Collected data:
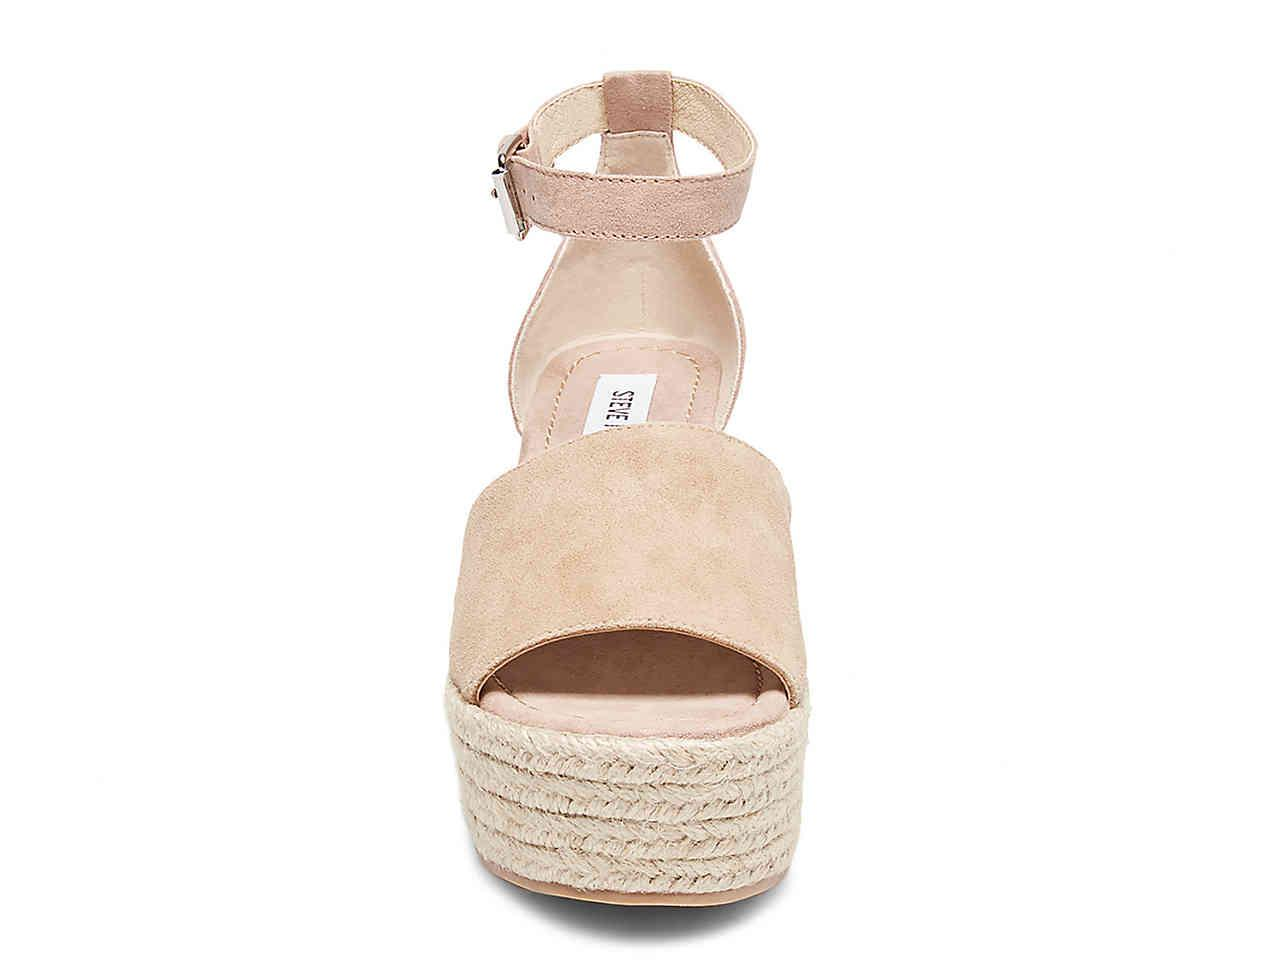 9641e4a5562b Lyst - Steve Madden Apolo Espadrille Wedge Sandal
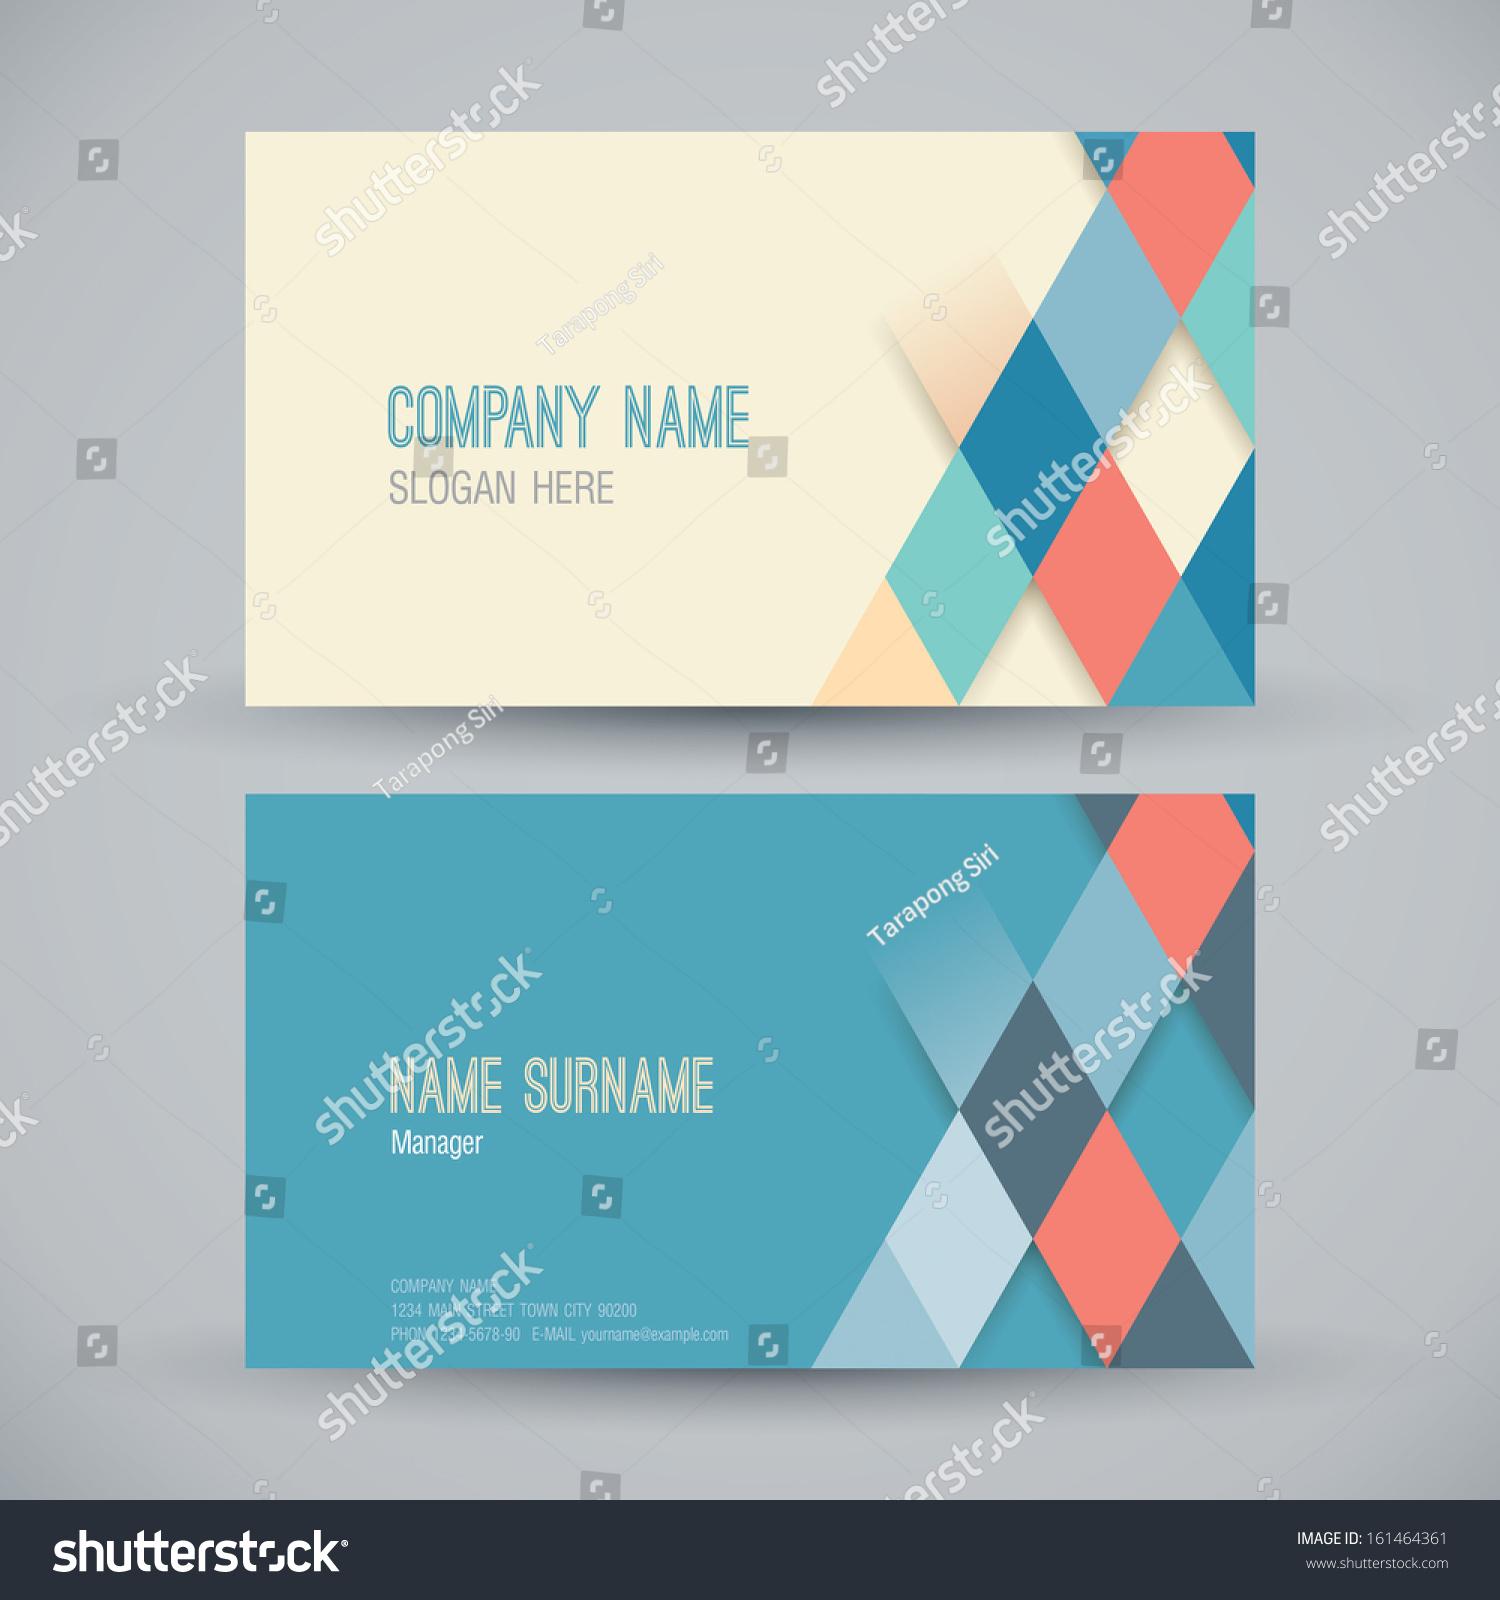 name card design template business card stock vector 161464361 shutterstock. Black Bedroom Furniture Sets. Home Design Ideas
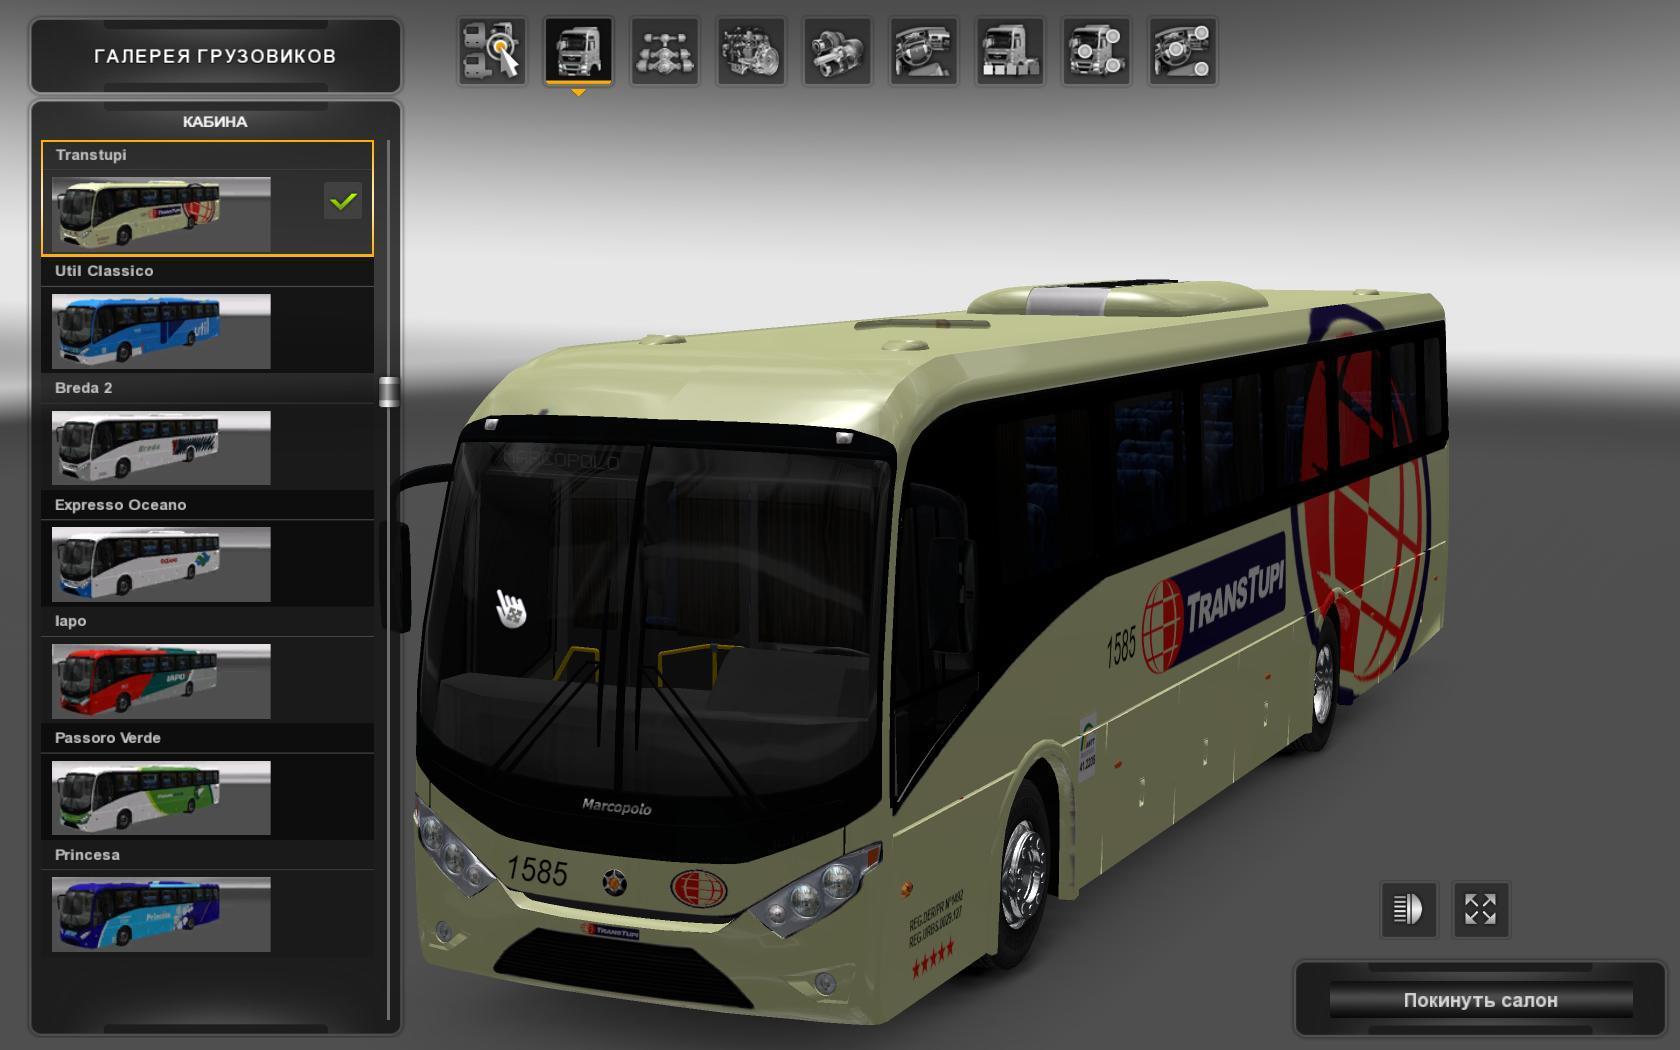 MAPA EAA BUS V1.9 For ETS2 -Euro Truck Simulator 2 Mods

Task brief:
The answer should contain all the material above, copied exactly, and no images.

Solved exercise:
 9641e4a5562b Lyst - Steve Madden Apolo Espadrille Wedge Sandal
 name card design template business card stock vector 161464361 shutterstock. Black Bedroom Furniture Sets. Home Design Ideas
 MAPA EAA BUS V1.9 For ETS2 -Euro Truck Simulator 2 Mods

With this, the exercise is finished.